L’équipe d’ATD Quart Monde propose à Anne-Marie de faire de l’accompagnement scolaire avec des familles du voyage. Peu à peu, elle rentre ainsi dans cette « alliance » avec les plus pauvres qu’ATD Quart Monde propose à la société pour contrer l’exclusion sociale. Que signifie être « alliée » pour Anne-Marie ? « C’est essayer d’apporter du respect quand on parle des personnes qui vivent dans la pauvreté. Auprès de mes collègues enseignants, je trouvais important de dire ce que je faisais à ATD Quart Monde. Je n’en pouvais plus de certaines blagues de salles des professeurs au sujet de familles en difficulté. Être alliée, c’est aussi ne pas hésiter à afficher son engagement. Je viens de la campagne, où le regard des autres était très important. Chacun devait rester à sa place. Aujourd’hui, quand je rencontre dans la rue un jeune sans domicile avec qui j’ai couru les 10 kilomètres de Reims (3), je me sens libre de parler avec lui. » Un parti pris qu’Anne-Marie diffuse dans sa famille et autour d’elle : « Mon mari et moi avons transmis à nos enfants qu’une société se construit avec toute la diversité des personnes. »
Mi-temps
Depuis 2003, Anne-Marie enseigne les maths aux étudiants de l’IUT de Reims qui se destinent à des carrières commerciales. « Nous parlons aussi de comportements, de recherche d’emploi, d’avenir professionnel…, souligne-t-elle. J’essaie d’aider des élèves à trouver des stages. C’est très difficile pour certains, dont les parents sont immigrés ou viennent du milieu rural. Je suis exigeante avec eux et j’ose leur dire que la solution, c’est qu’ils travaillent encore plus que les autres. Souvent, ils le savent déjà. » Il y a trois ans, elle a décidé de quitter la responsabilité de la formation qu’elle dirigeait à l’IUT et de ne plus enseigner qu’à mi-temps.
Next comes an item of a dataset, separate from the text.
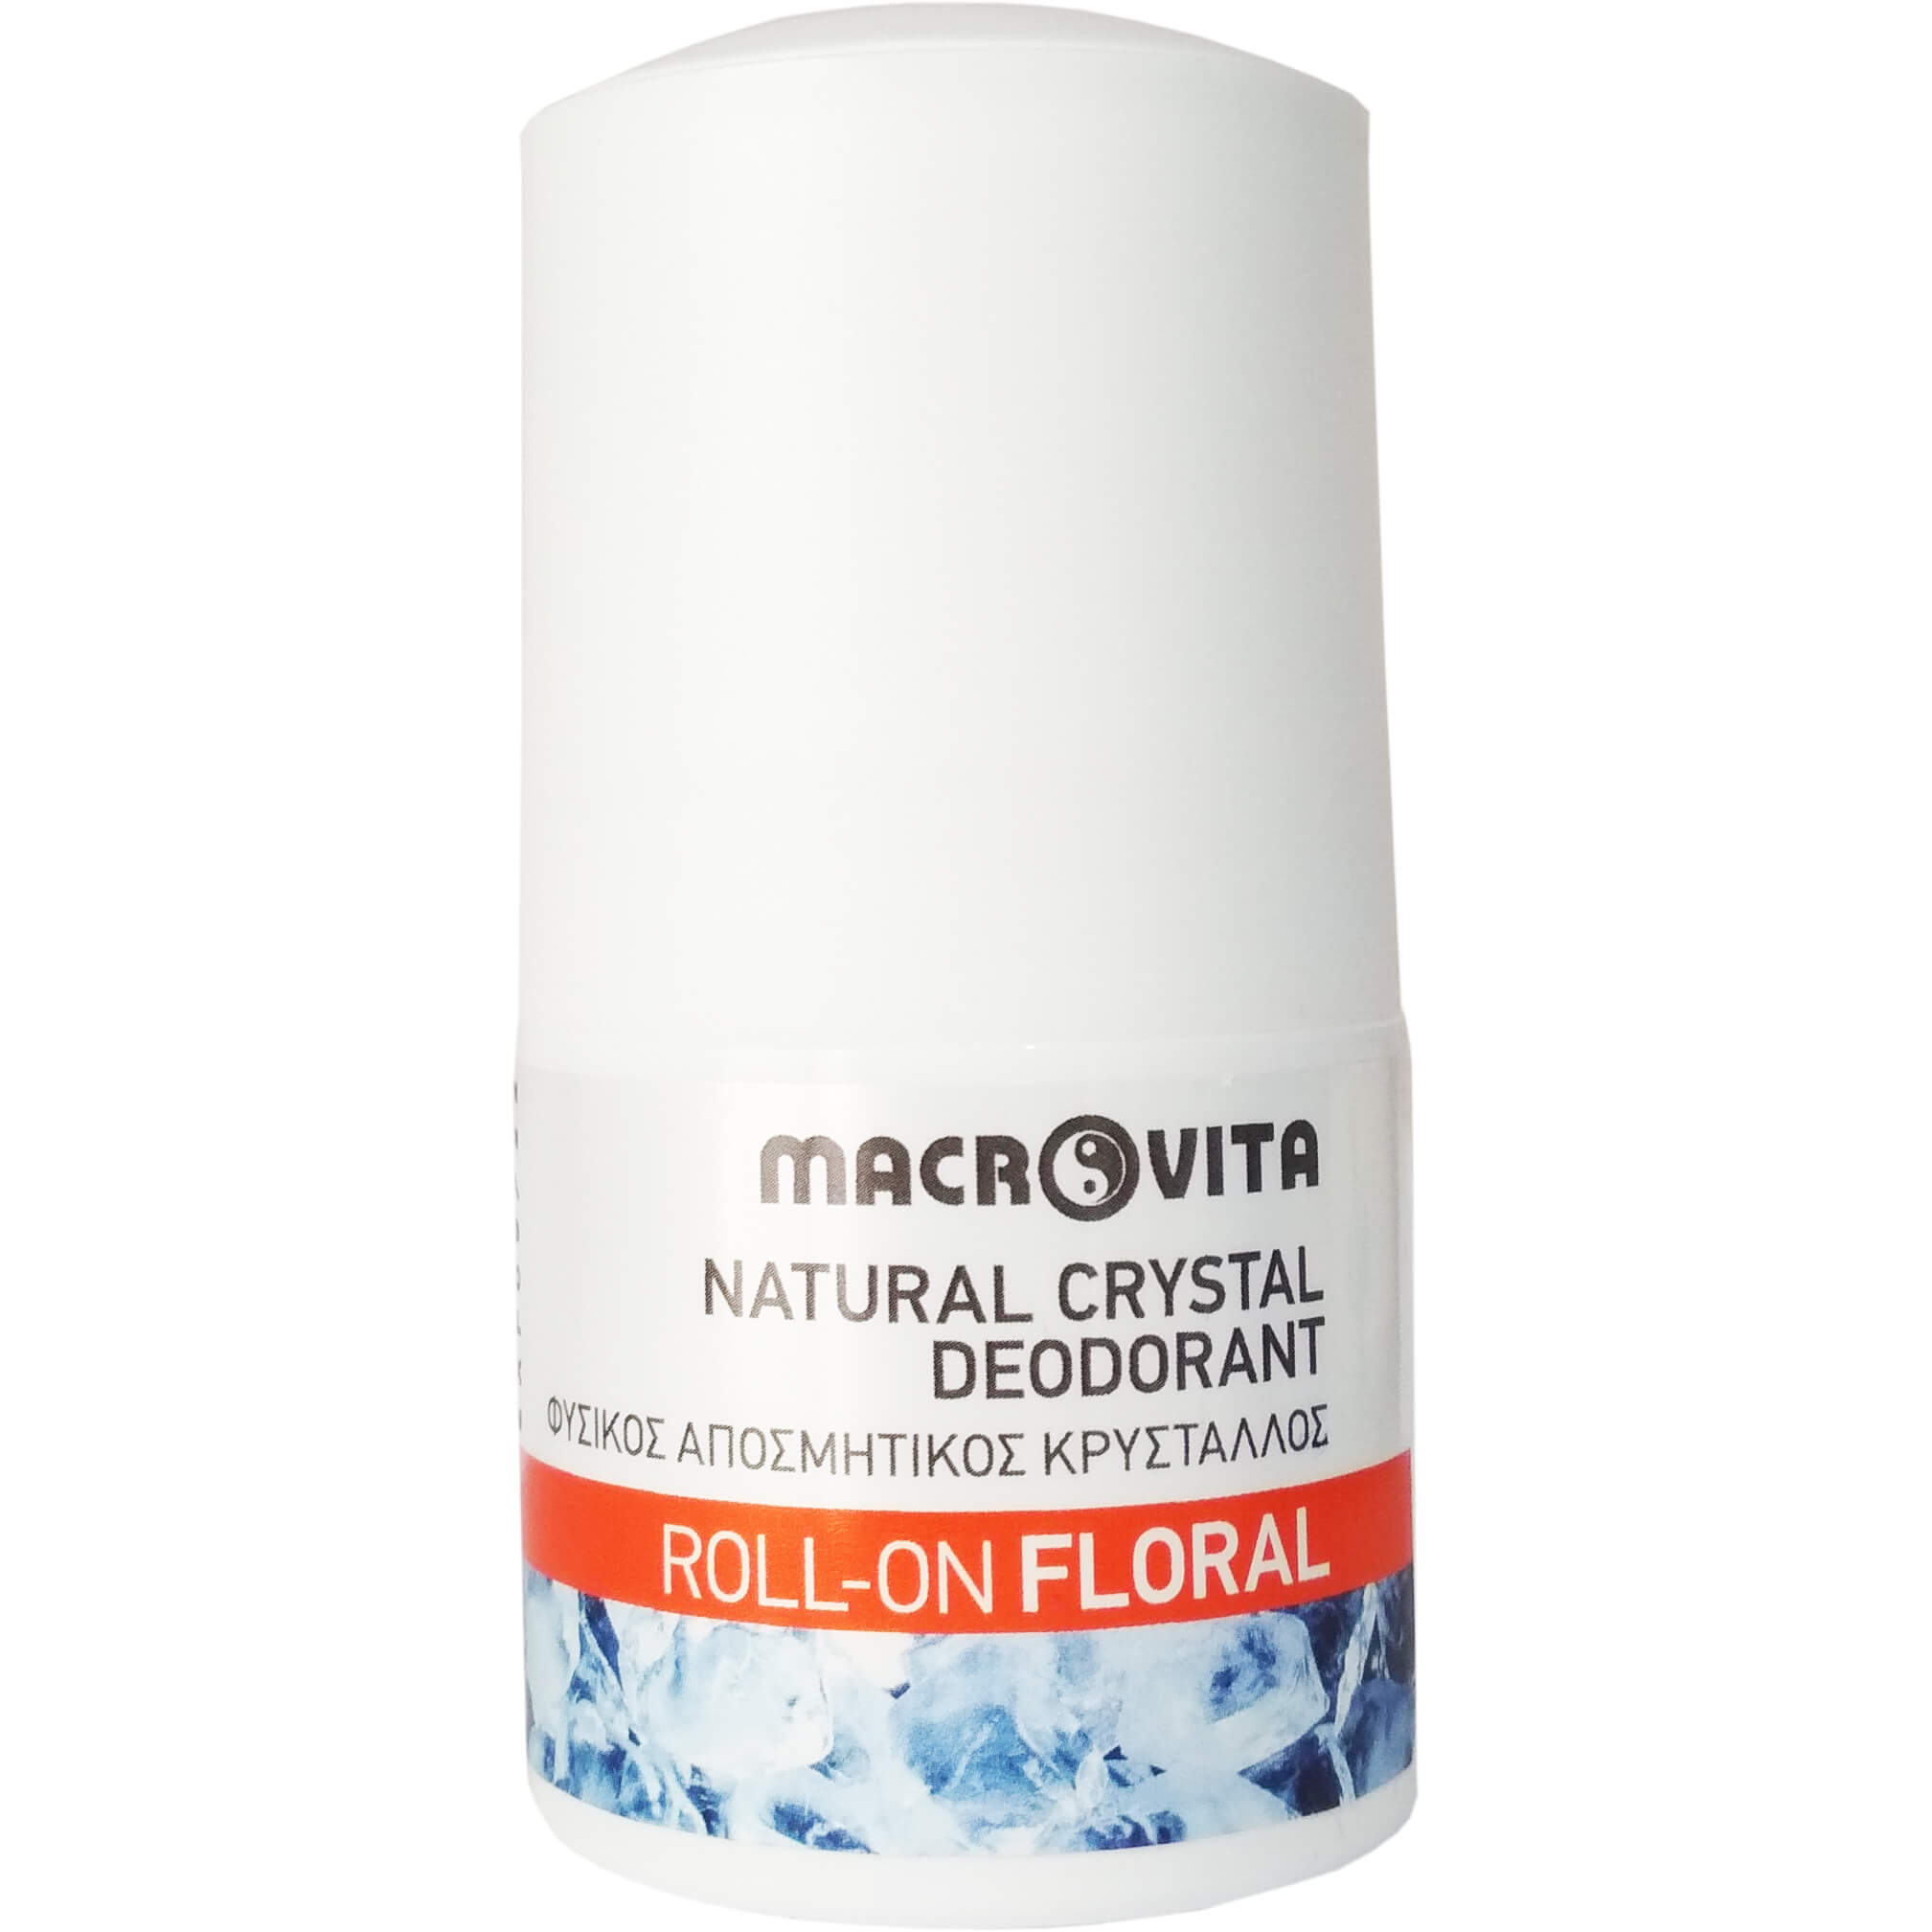 Macrovita Natural Crystal Deodorant Φυσικός Αποσμητικός Κρύσταλλος Roll-On Άρωμα Floral 50ml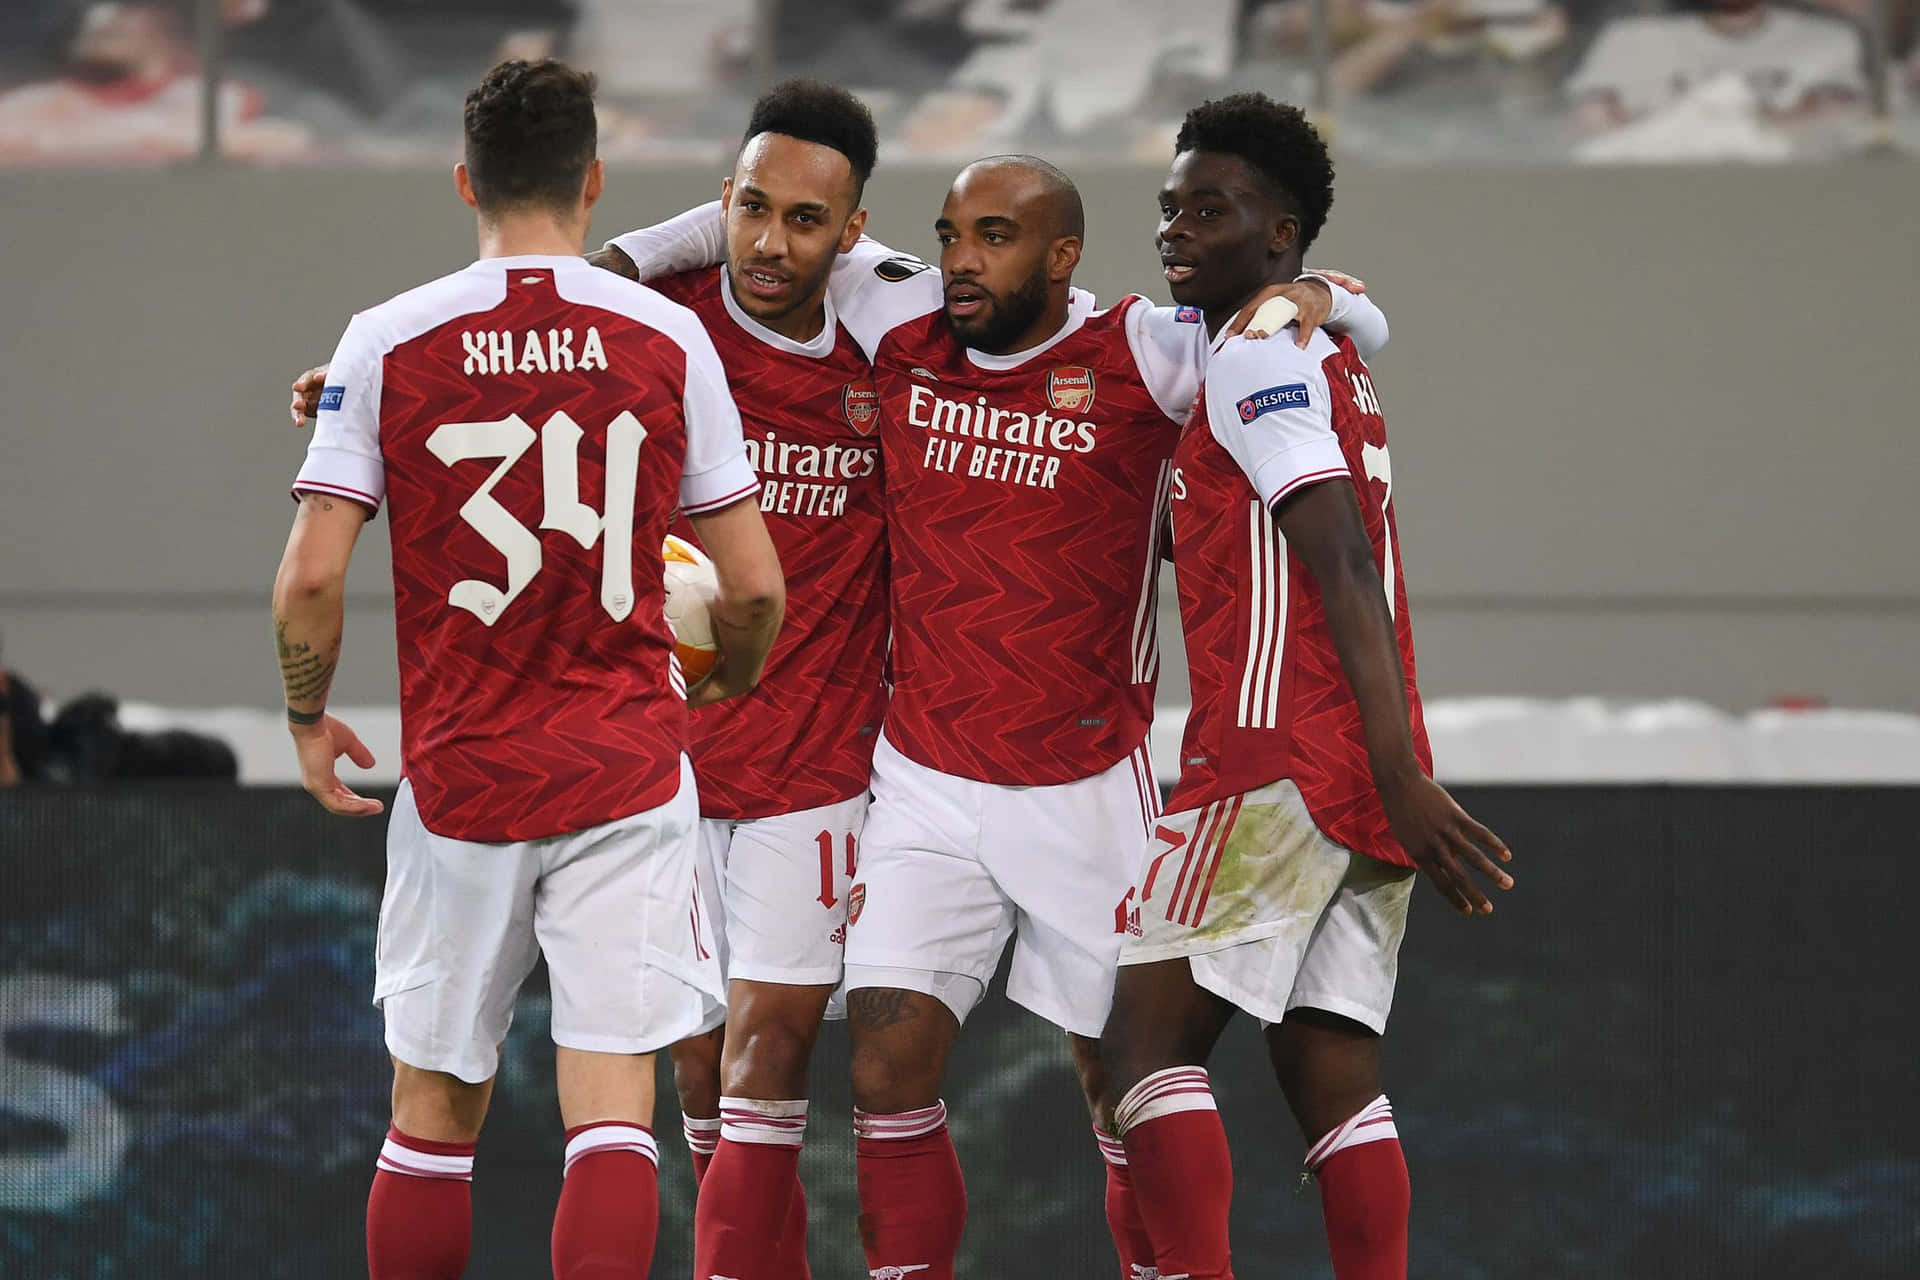 Arsenal players celebrate a goal at Emirates Stadium

Un choix mal compris par certains de ses collègues pour qui une carrière doit toujours progresser.
17 octobre
Aujourd’hui, ses engagements à ATD Quart Monde sont divers. Elle est membre de l’« équipe d’animation régionale », qui fait le lien entre les différentes actions du Mouvement en Champagne-Ardenne. Anne-Marie participe également à l’Université Populaire Quart Monde à Reims et rédige avec d’autres le journal d’informations régionales, Ensemble. Enfin, elle coordonne la mobilisation qui marque, le 17 octobre de chaque année, à Reims et dans la région, la Journée mondiale du refus de la misère : « La dimension citoyenne est très importante pour moi. Ma place en politique, c’est mon implication dans le 17 octobre, la façon dont cela interpelle les associations, les institutions et le grand public. Cette journée est devenue un rendez-vous important pour tous ces partenaires. »
Député-maire
Autre temps fort citoyen vécu récemment, une rencontre avec le député-maire de Châlons qui faisait partie de la commission travaillant sur une proposition de loi sur l’enfance délaissée et l’adoption. « Avec une autre alliée et un militant qui connaît la grande pauvreté, nous lui avons transmis le fruit de nos travaux avec des personnes en situation de grande exclusion, et en particulier nos inquiétudes sur le soutien qui doit être accordé aux parents d’enfants placés, mais qui n’est pas effectif. Il était important qu’un député entende directement ce que les familles concernées ont à dire. Cela nous encourage à rencontrer les élus et les décideurs, même s’ils ne demandent pas notre avis. »
Et l’art dans tout ça ? « Il faut du temps », sourit Anne-Marie. Elle a participé l’an dernier à la manifestation Manchest’art à Charleville-Mézières (voir page 8). Peut-être animera-t-elle un jour un atelier sculpture avec des familles en situation de grande pauvreté. « Je suis quelqu’un qui veut souvent agir trop rapidement. Mais, pour agir ensemble, il faut de la patience. Je n’ai pas fini d’apprendre », conclut-elle.